Task brief:
Leaving out pictures, output exactly the lines below from the one that has "Pod Notícias 014" through the one that has "Chaussures de sécurité", and nothing else.

Records to process:
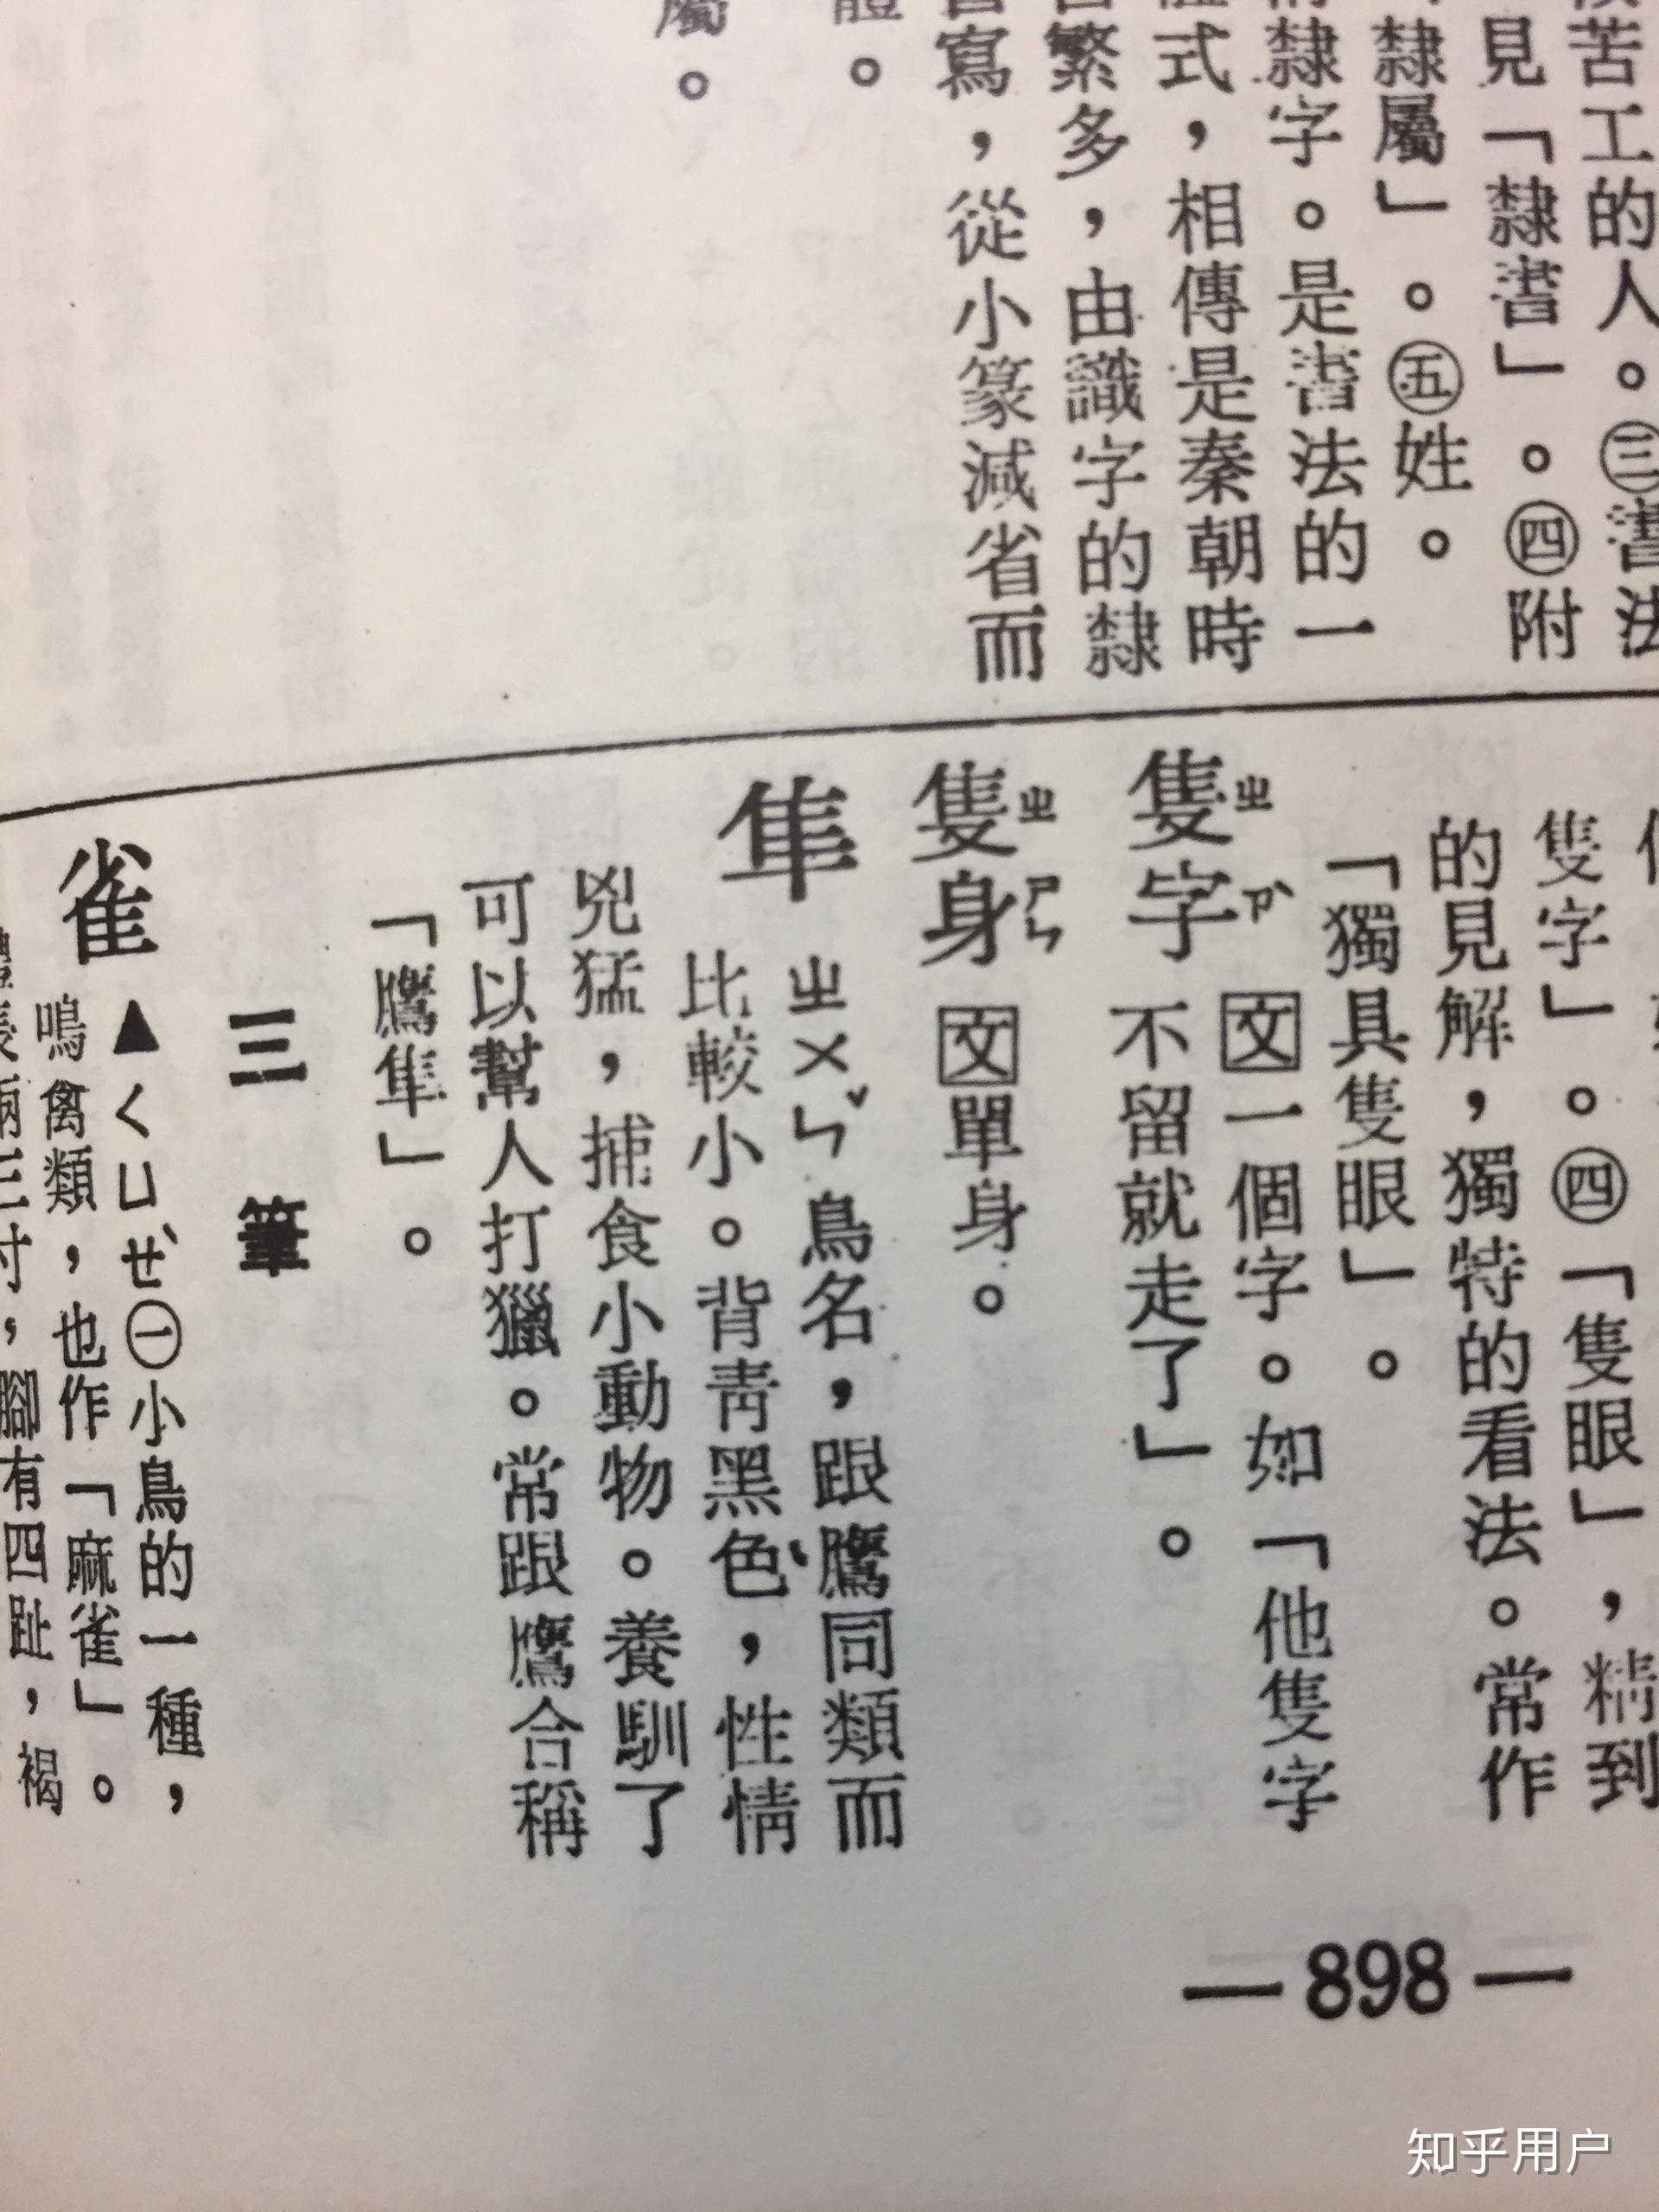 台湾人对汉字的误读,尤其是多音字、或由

* * *

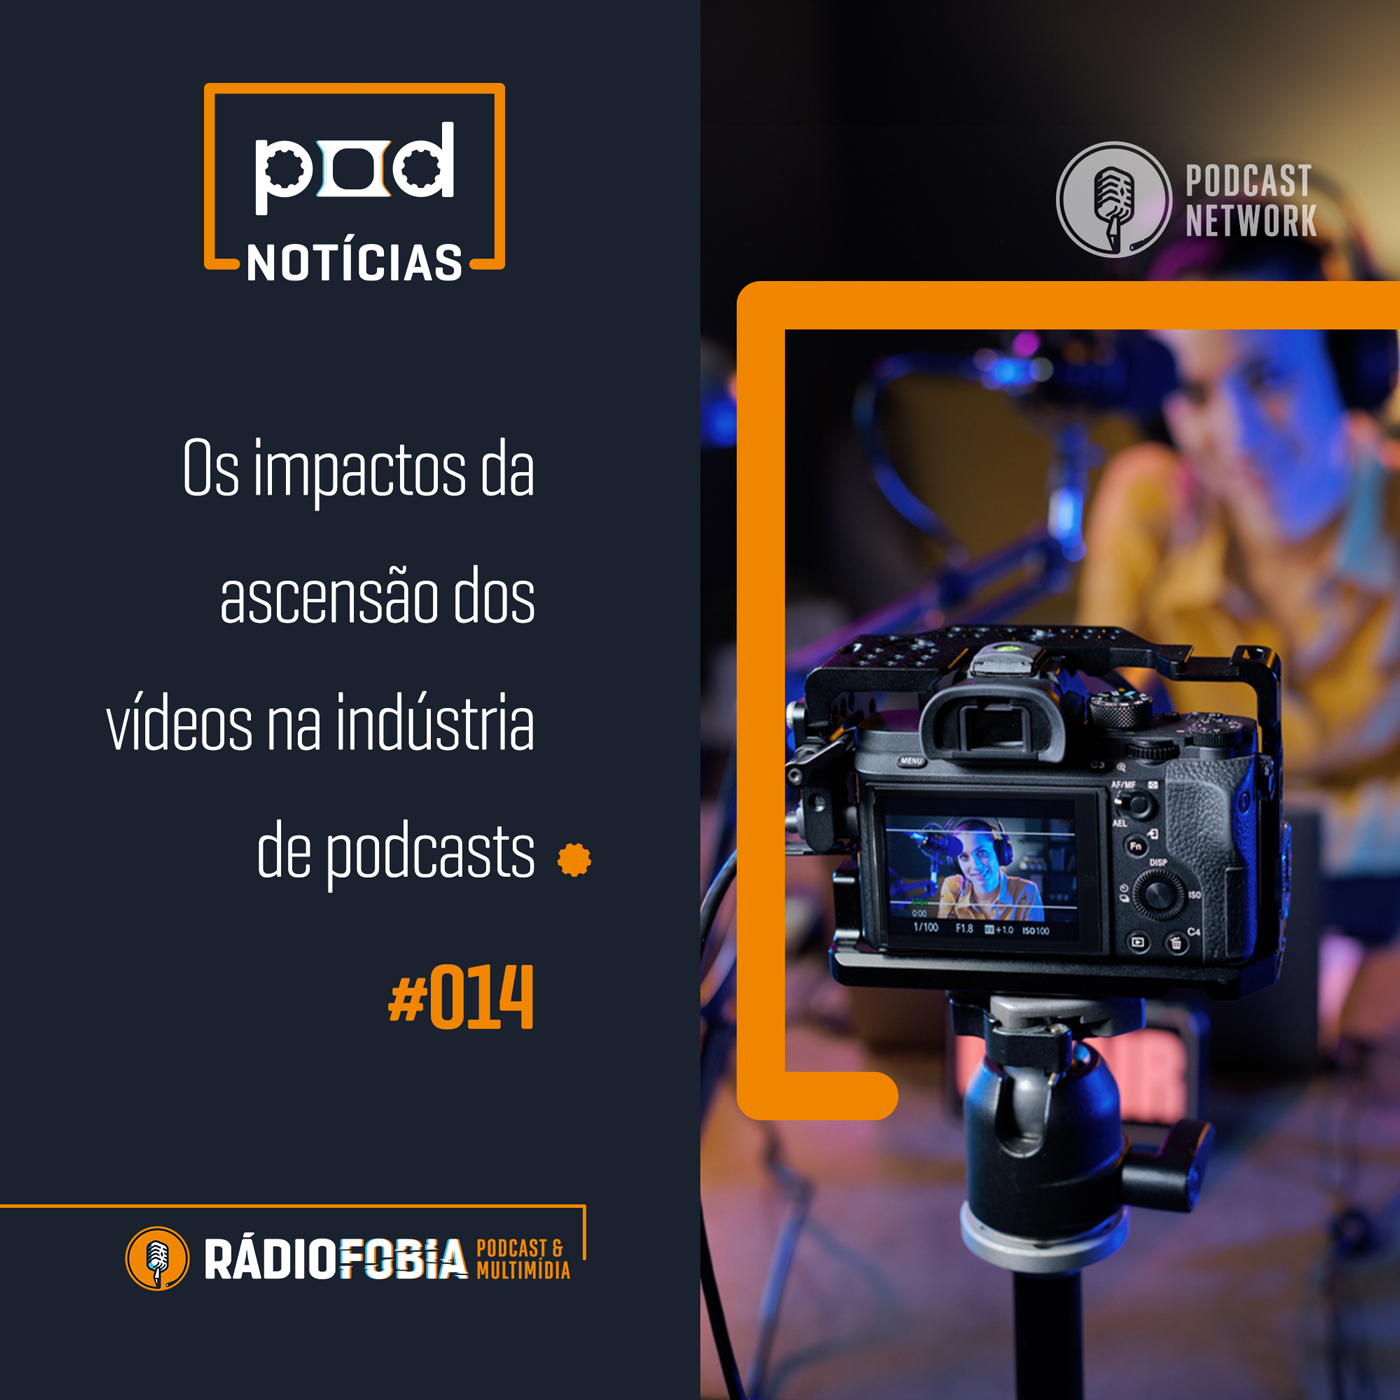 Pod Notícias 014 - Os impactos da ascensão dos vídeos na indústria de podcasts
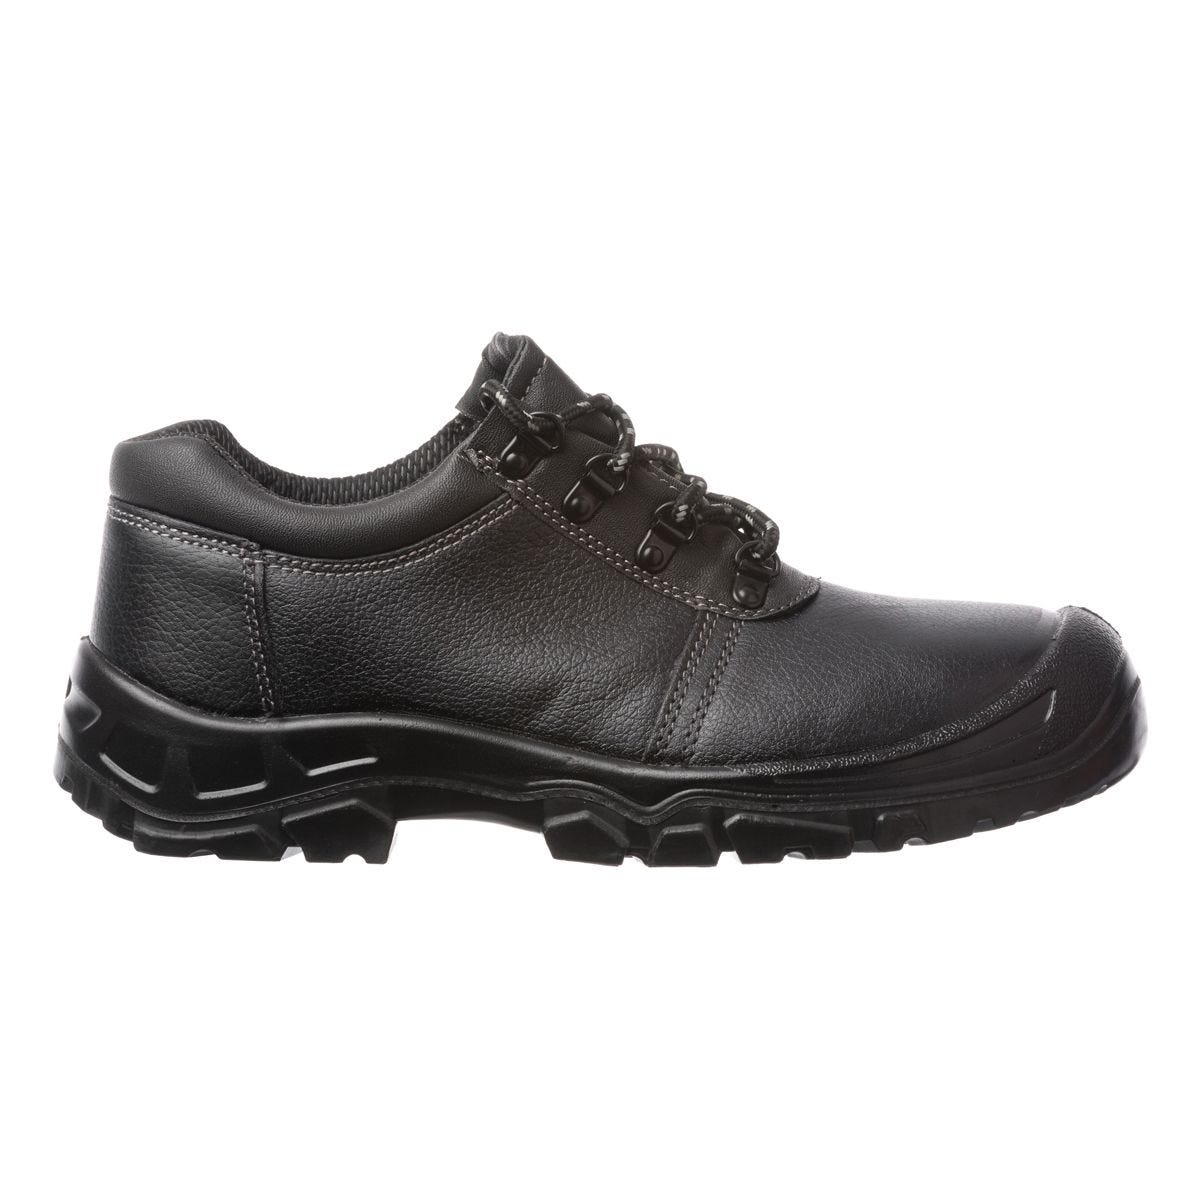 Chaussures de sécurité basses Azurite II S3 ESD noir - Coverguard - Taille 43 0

Exercise answer:
 Pod Notícias 014 - Os impactos da ascensão dos vídeos na indústria de podcasts
 Chaussures de sécurité basses Azurite II S3 ESD noir - Coverguard - Taille 43 0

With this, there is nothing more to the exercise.